Originally published: November 28, 2011
Last updated: December 21, 2011 - 2:57pm
[Commentary] Given how incredibly unlikely AT&T is to win approval of its acquisition of T-Mobile at this point, why is AT&T drawing this out? Do they really think they can win in court? Why not just call it quits, or vow to fight it out before the Federal Communications Commission’s administrative law judge?
I think a number of things are going on here. First, AT&T was, once again, caught by surprise on the timing. FCC Chairman Julius Genachowski played this like a total master. He kept his cards close, counting on his reputation for avoiding political conflict with powerful entities like AT&T, then sprang it on them when Congress was out of town and AT&T could not pull together powerful political pushback. The announcement that the Chairman would do this on circulation, rather than wait 3 weeks for the December Public Meeting¸ further limited AT&T’s options.

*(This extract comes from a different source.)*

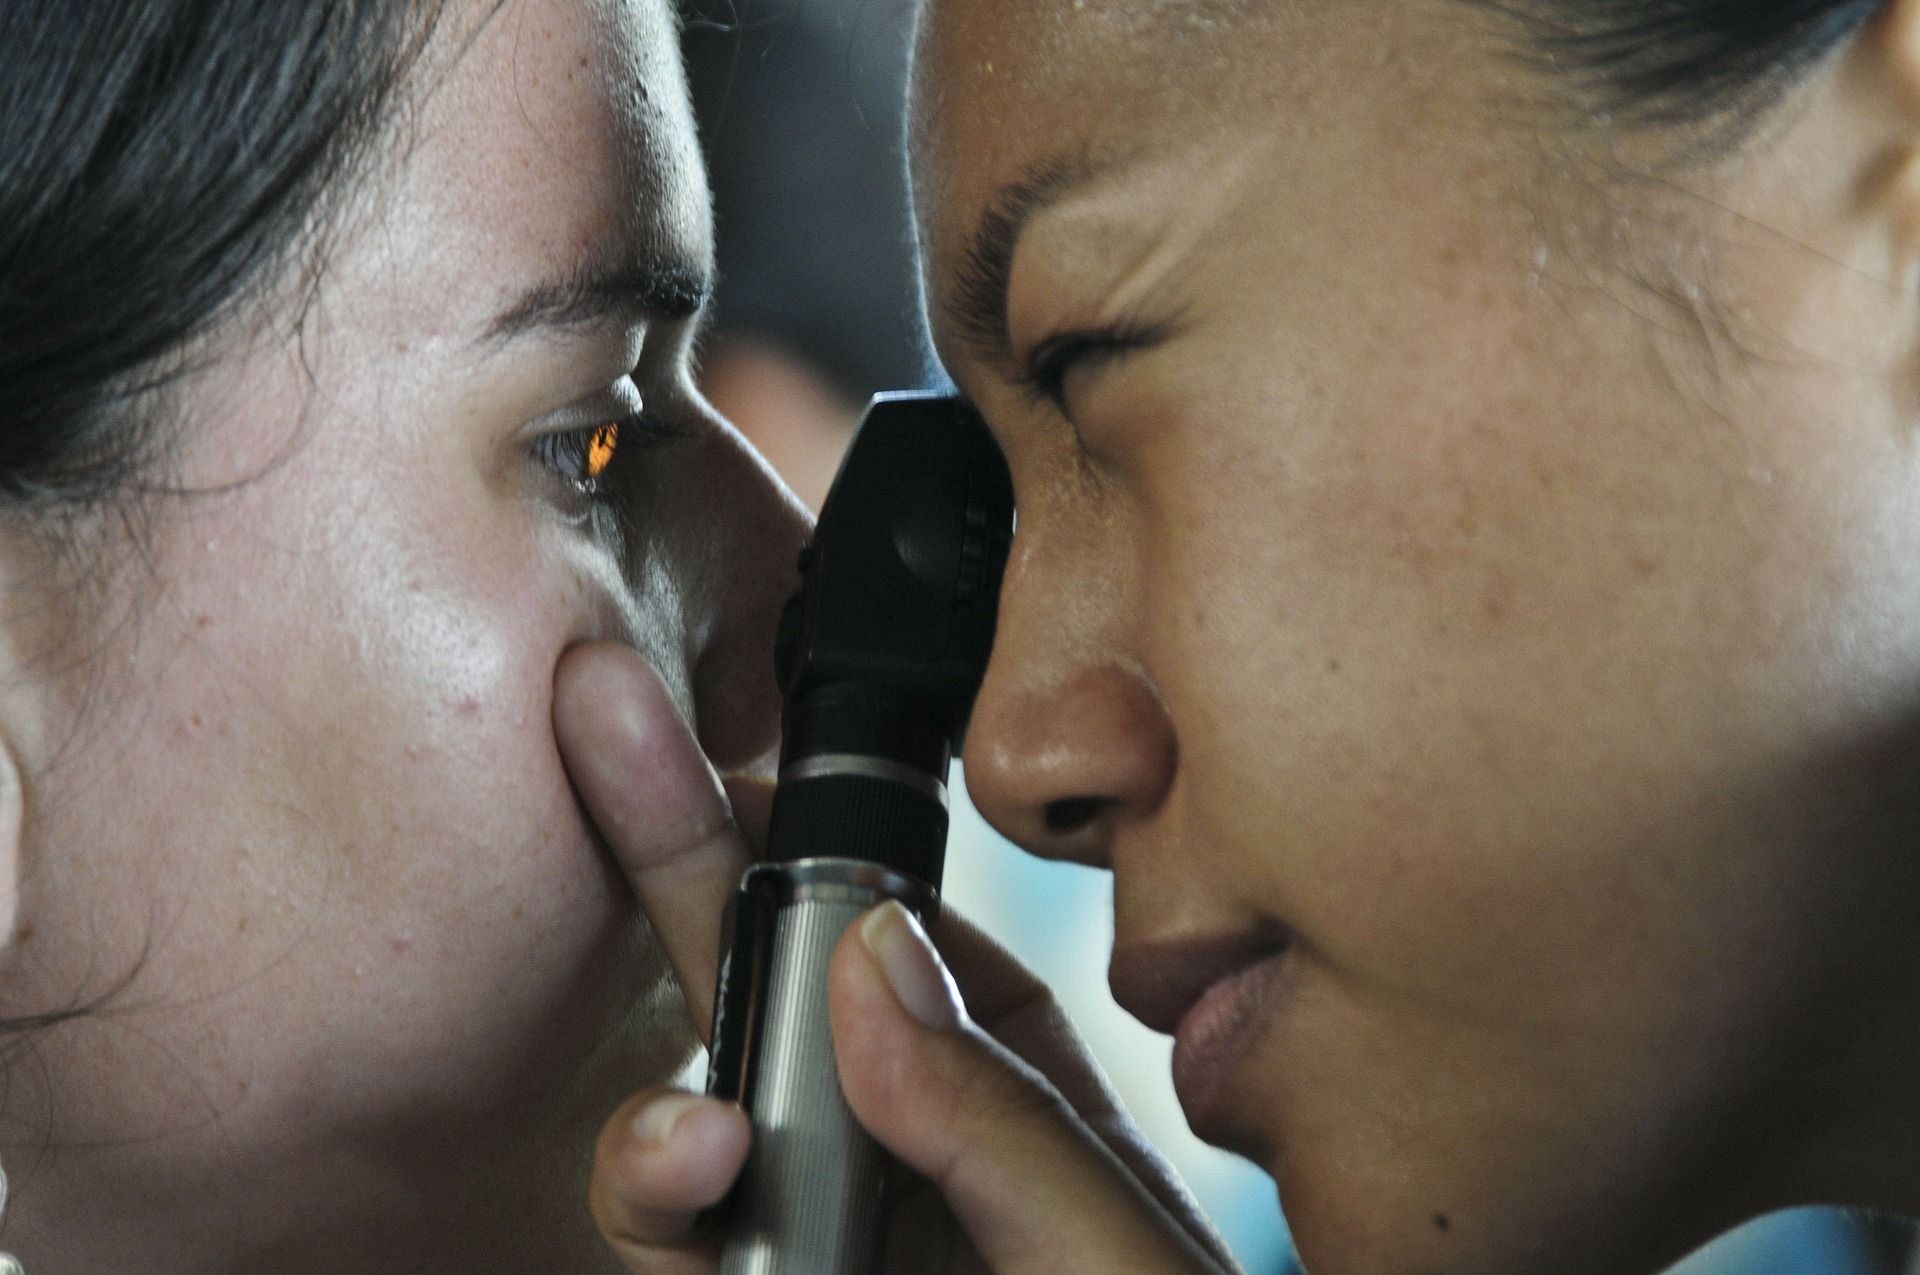 דירוג מרפאות העיניים הטובות ביותר באופה בשנת 2020

Caught by surprise with very limited options, AT&T had two choices: 1) try to tough it out and lobby like hell to prevent a vote, or 2) try to pull the applications to avoid an hearing designation order (HDO). Between these two bad choices, AT&T probably made the right calculus. It seems extremely unlikely that AT&T could prevent a vote for the HDO. Neither Democrat is likely to undercut both the Chairman and the Department of Justice, even if he or she wanted to vote against it. Nor is it certain the FCC Commissioner Robert McDowell would vote against a designation for hearing. As I have observed before, Commissioner McDowell is not a corporate shill so much as a true believer in the Gods of the Marketplace. This is precisely the case where Commissioner McDowell might say: “Well, this is definitely the thing to do, refer to a hearing rather than leverage our authority to extort concessions. There are real questions about market power here, and they ought to be resolved by a hearing as required by law.” Heck, this kind of once-in-a-blue-moon vote is precisely the sort of thing that burnishes credentials as a genuine believer in the free market rather than simply pro-big business.

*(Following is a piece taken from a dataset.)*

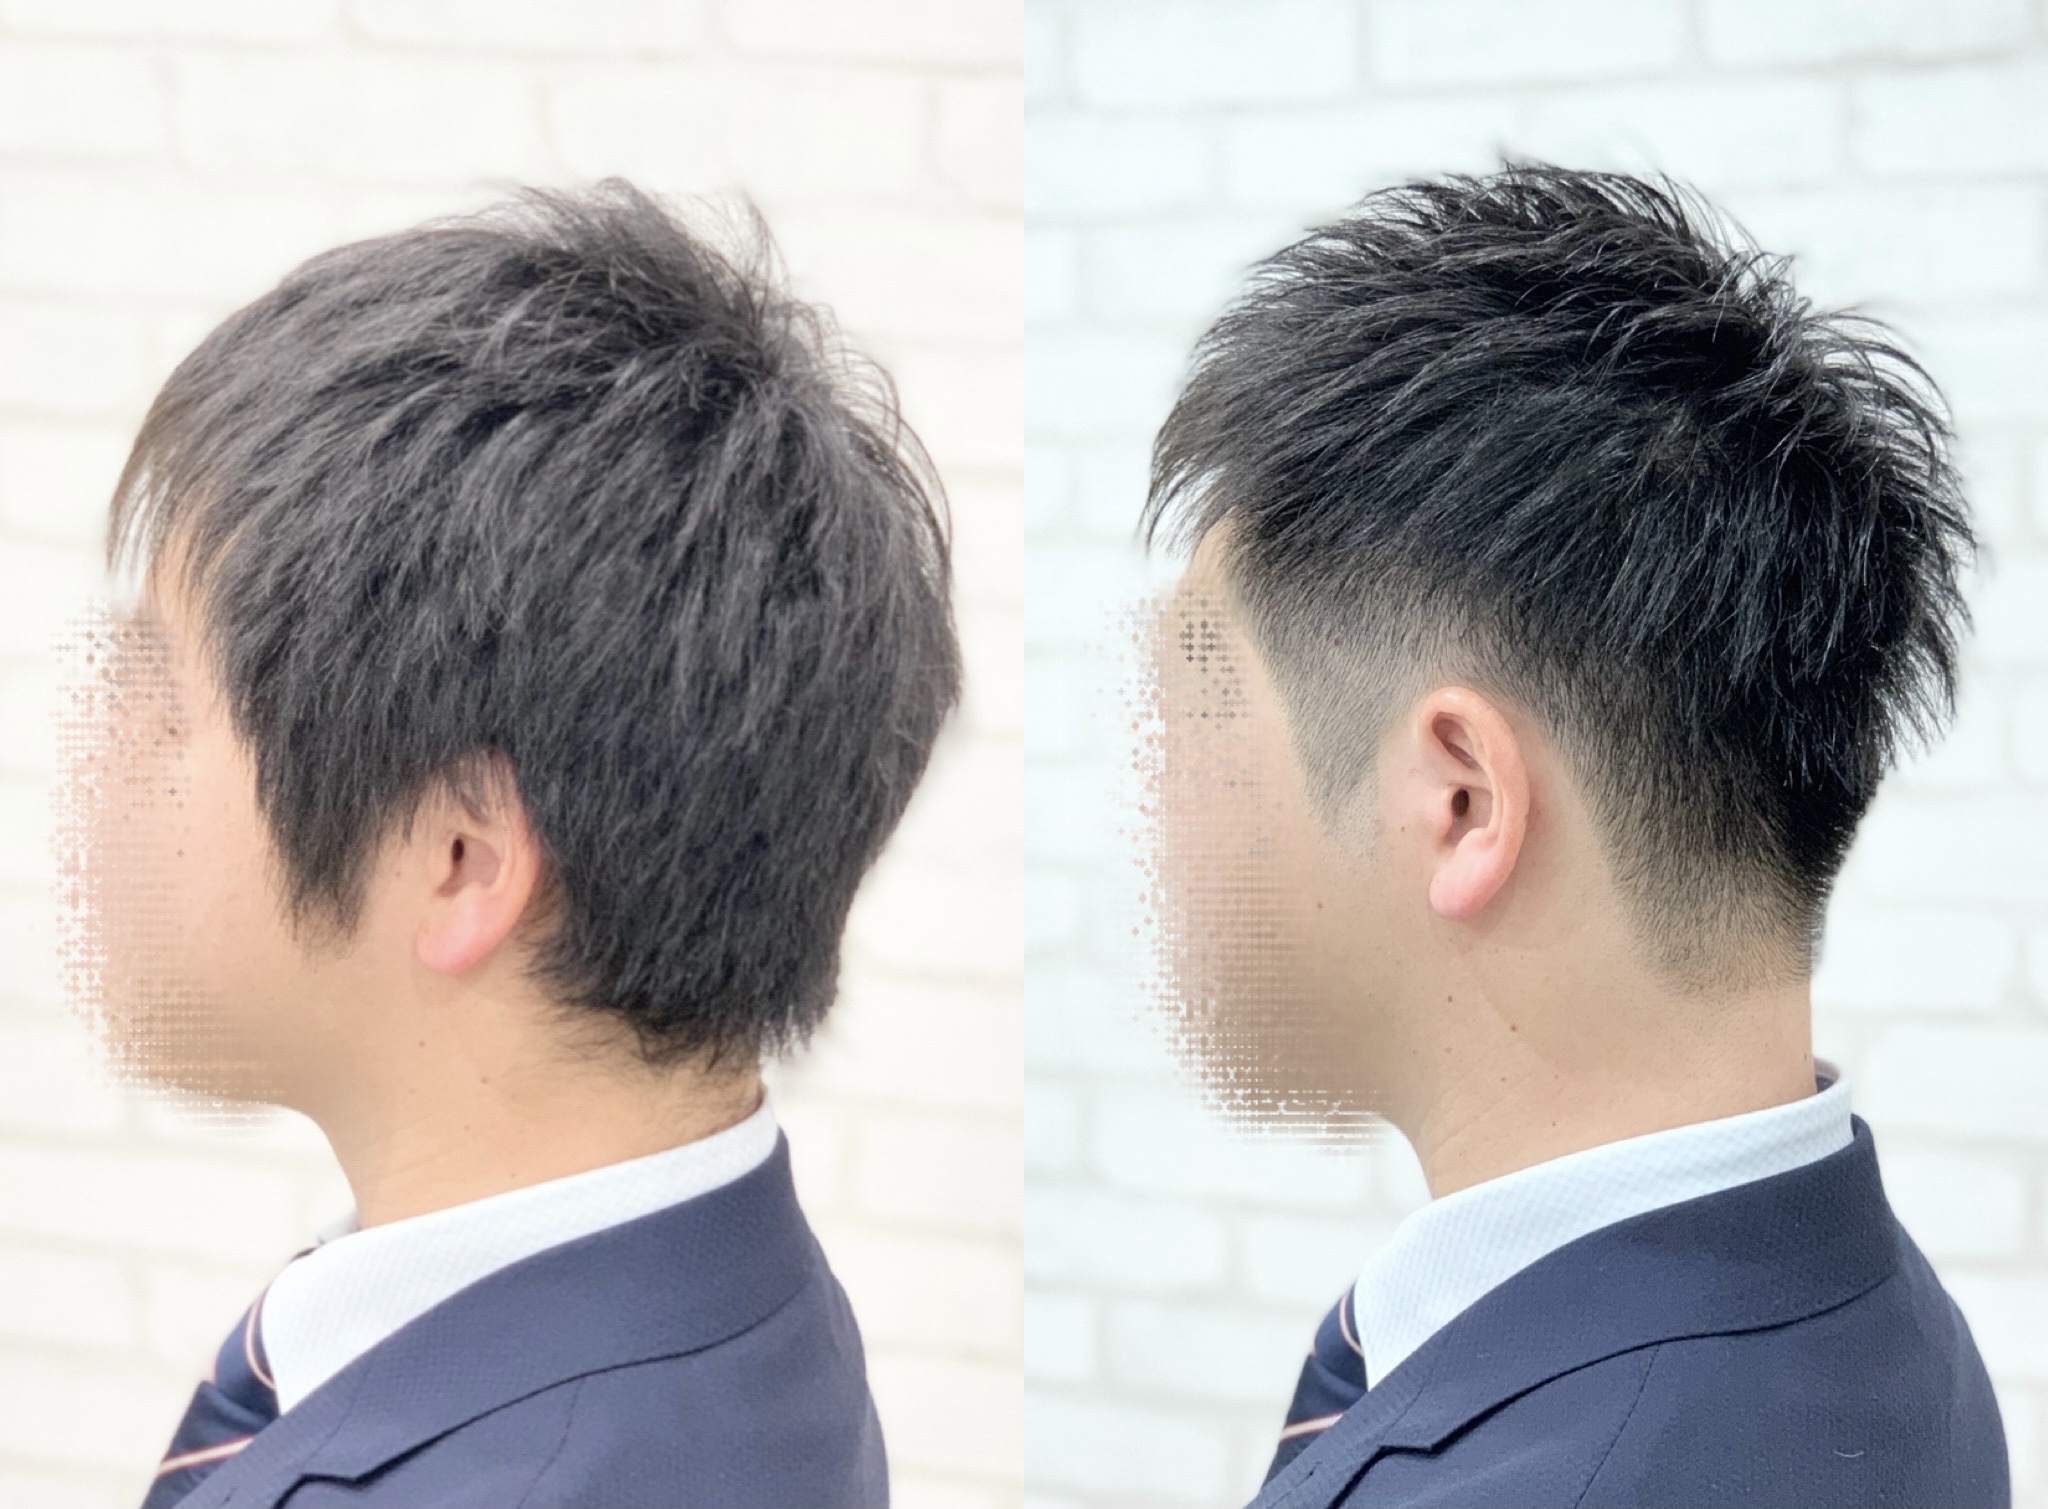 浮く 直毛 メンズ 男性 京都 ツーブロック メンズ直毛 ︎パーマ専門特化美容師 中原浩希のブログ

AT&T can still hope to renegotiate the breakup fee with Deutsche Telekom (DT) by stretching out the proceeding. If DT knows it can’t get the deal done, it will want to unwind as quickly as possible so it can maximize the value of T-Mo to another buyer, or as a standalone initial public offering (IPO). While one Wall St. analyst recently valued such an IPO at $28 billion, that will decline if T-Mobile remains shackled to the deal and continues to experience churn as a result. So AT&T may be content to have the case in abeyance before the district court. At this point, keeping the case open is the only leverage it has to renegotiate the breakup fee. If the case is in abeyance, AT&T can threaten to leave it that way until the breakup fee comes due in September 2012 unless DT agrees to renegotiate the fee downward.